Here is the full presentation.

This is consistent with other states’ experiences. Delaware’s program budgets $1.9M per year over 10 years to implement immersion programs for 10,000 students. Utah budgets $2.4M per year to serve 25,000 students in dual language programs – less tan $100 per student.

In their book Dual Language Education for a Transformed World Thomas and Collier state “When comparing Dual Language (DL) classrooms to […] mainstream English classrooms [… c]ost for DL are less than for ESL-only because DL is a mainstream (not a separate remedial) program that is taught through two (rather than one) languages. Some extra cost may be needed for second language materials, but no additional classroom teachers are needed […]. ”

In comparison with FLES programs (Foreign Language in Elementary School), dual language immersion programs are less expensive, more impactful in terms of achievement and results on the District’s future workforce.

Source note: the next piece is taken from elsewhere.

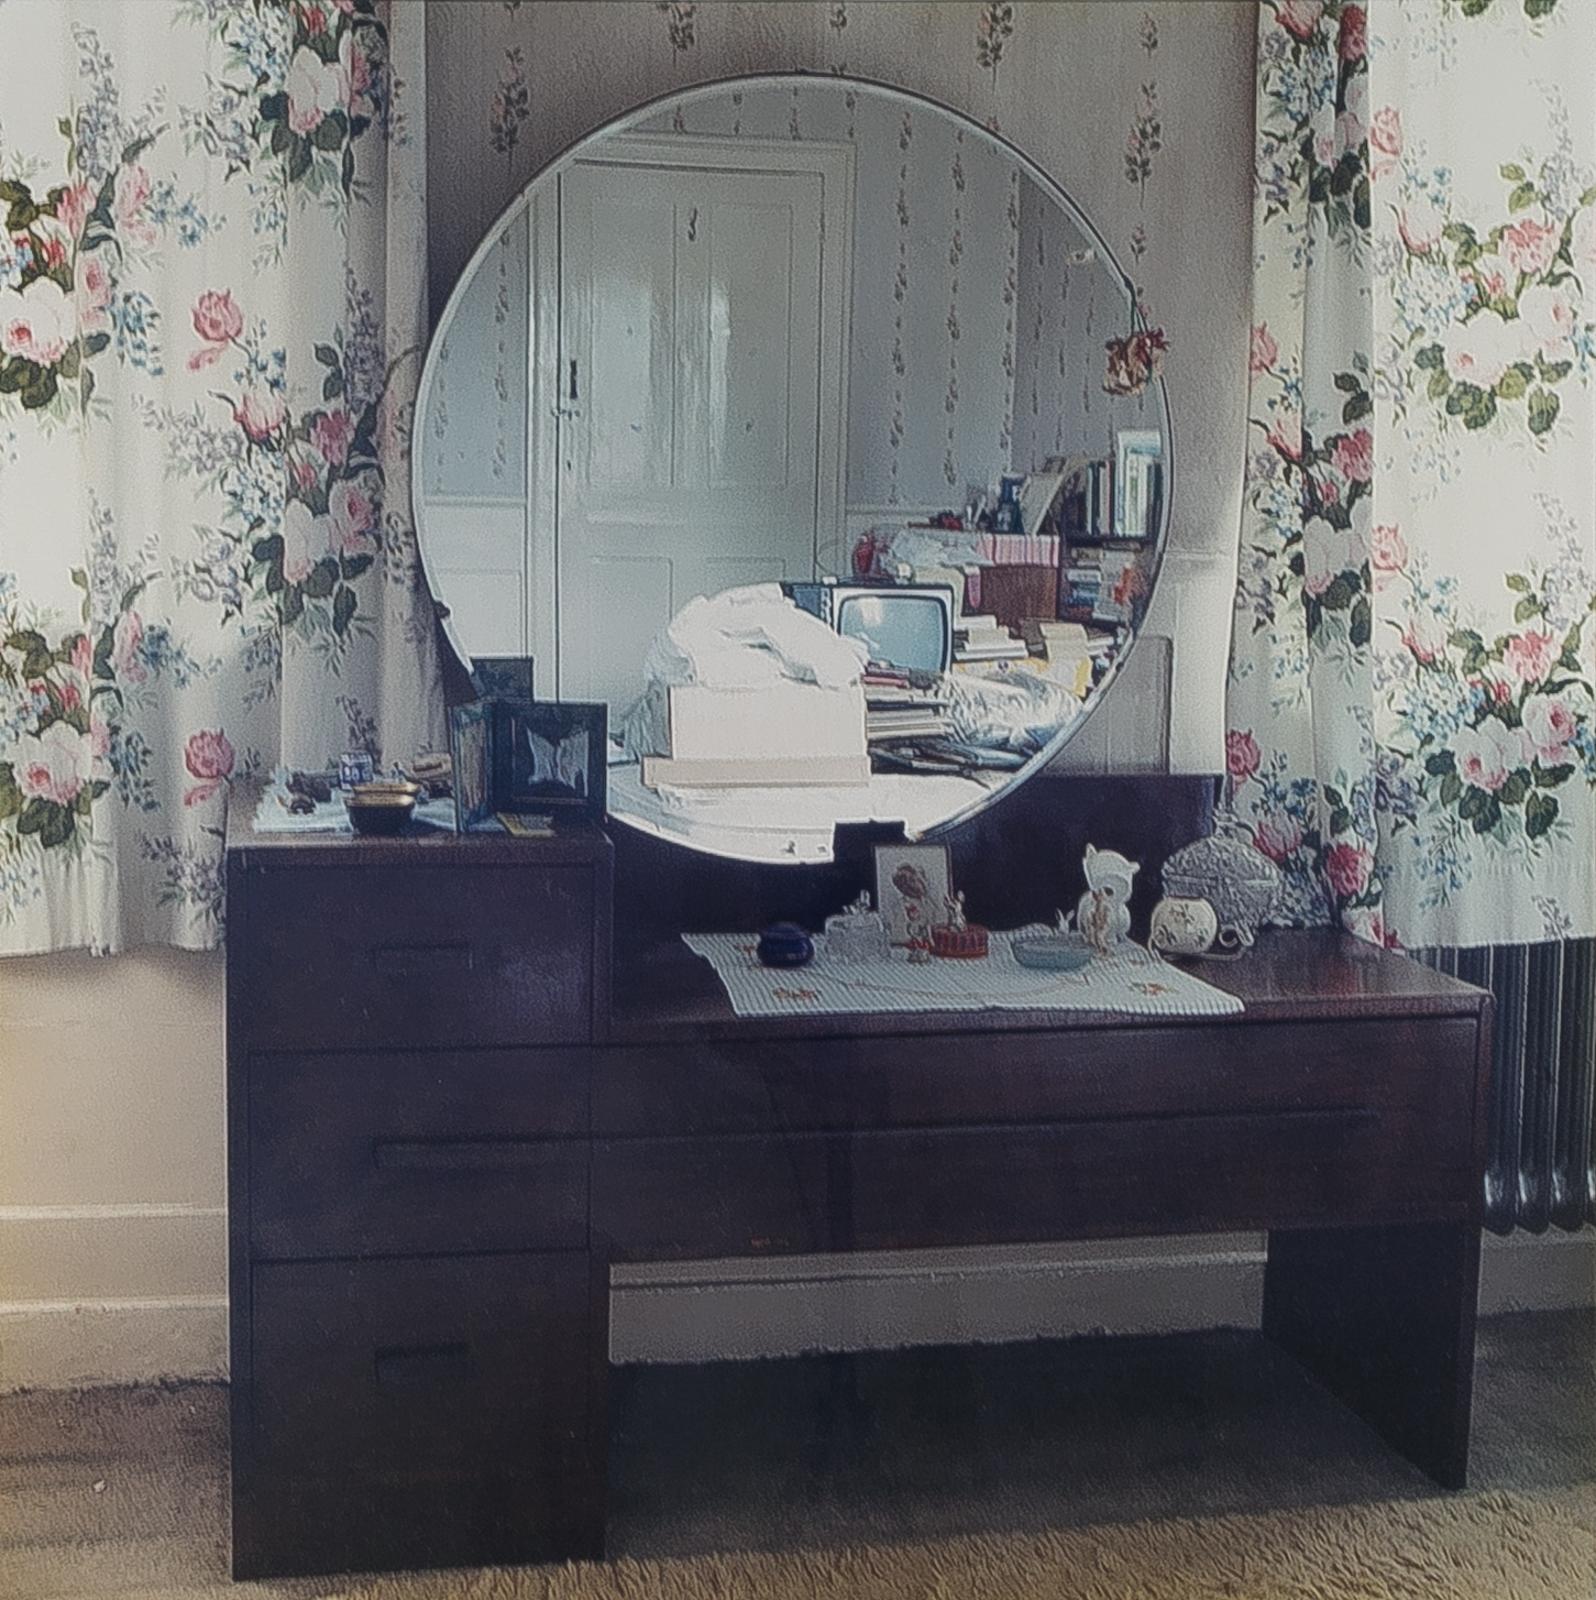 Karin Bubaš (1976) - Ivy House, Vanity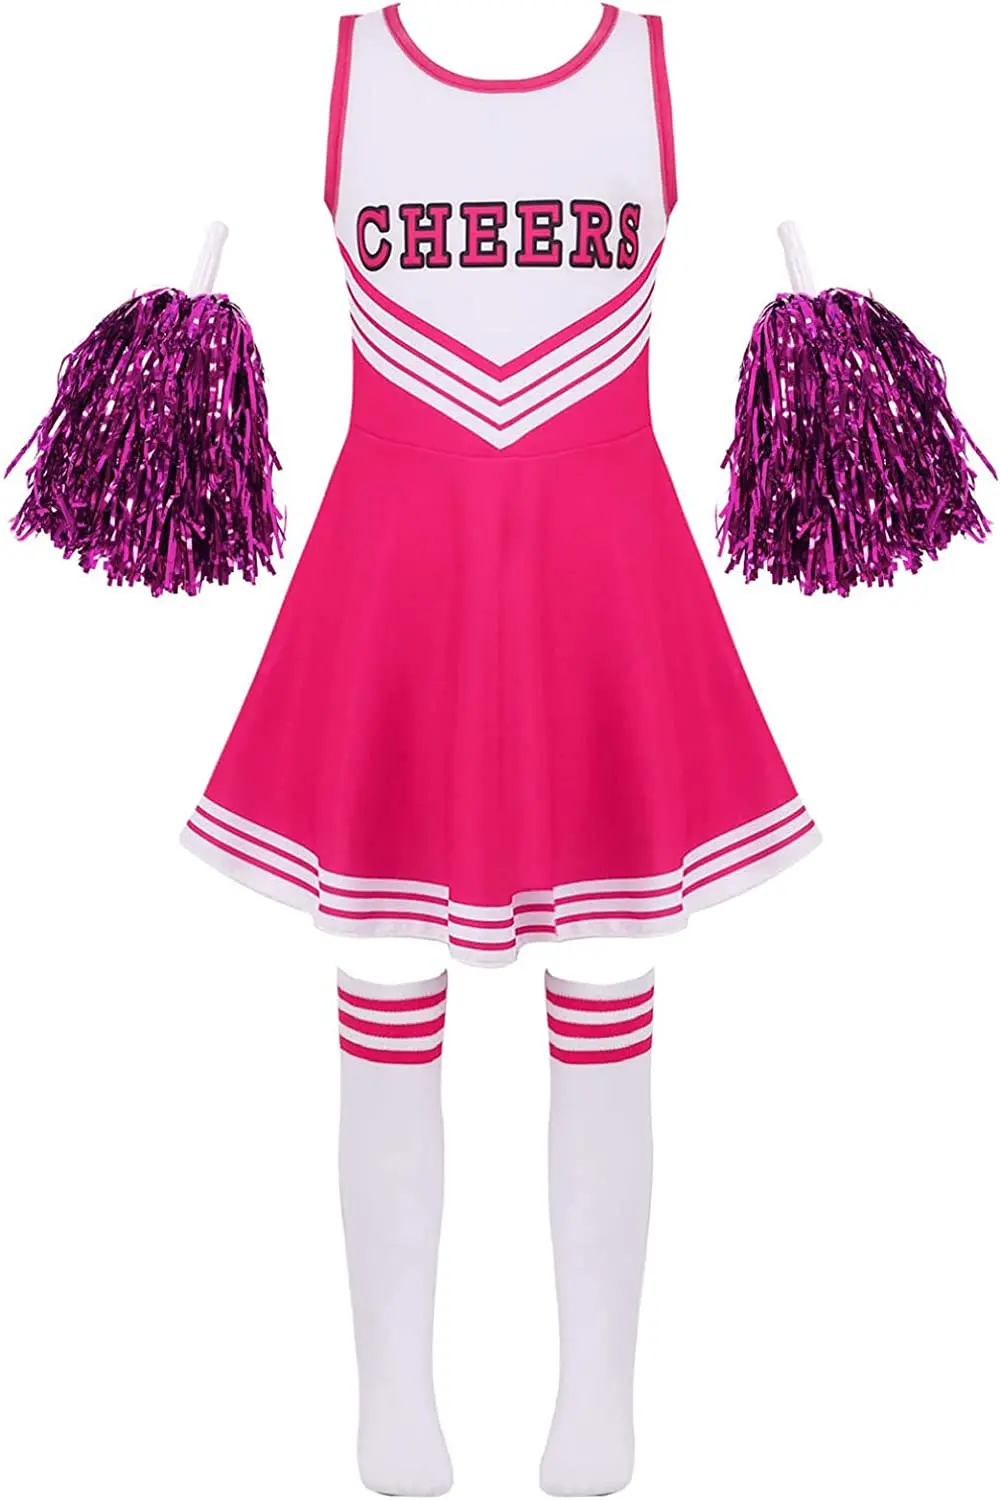 ragazze-cheerleading-dance-dress-cheer-leader-outfit-uniforme-halloween-cosplay-costume-completo-con-pompon-e-calzino

1. FLES is part of the answer in the short term because:
– Students from 1st grade onwards are too old to directly benefit from the introduction of a language immersion program in which children must be immersed before age 5 and which must be built from the bottom grades up, one year at a time.  Therefore, for older students FLES is the next best way of getting access to foreign languages.
– To maintain school cohesion when introducing language immersion, it is important that FLES programs in the partner language be made available to the older students.
2. FLES is not the answer in the long term because:
– FLES does not enable students to become bilingual and has much smaller effects on academic achievement and on career and college readiness.
– FLES is more expensive than immersion, as it requires additional staff positions.
– FLES is highly dependent on each school’s yearly operating budget and therefore is always at risk of being cut.
– FLES does not address student retention issues (implicit to language immersion is a long term commitment to the school or program)
– FLES is not the guaranteed enrollment booster that immersion is
– Therefore, ideally, FLES would be phased out as the immersion programs grow from the lower grades.
 While extending FLES programs to all DCPS elementary schools is a step in the right direction, as currently implemented, these programs have two major deficiencies:
– FLES is mandated only for 2nd to 5th graders, against all evidence on language acquisition, and
– FLES is often implemented in too short slots per week to make a real difference or even to qualify as a FLES program.  According to the definition by CAL, FLES is “A foreign language class taught at least 75 minutes per week […]”.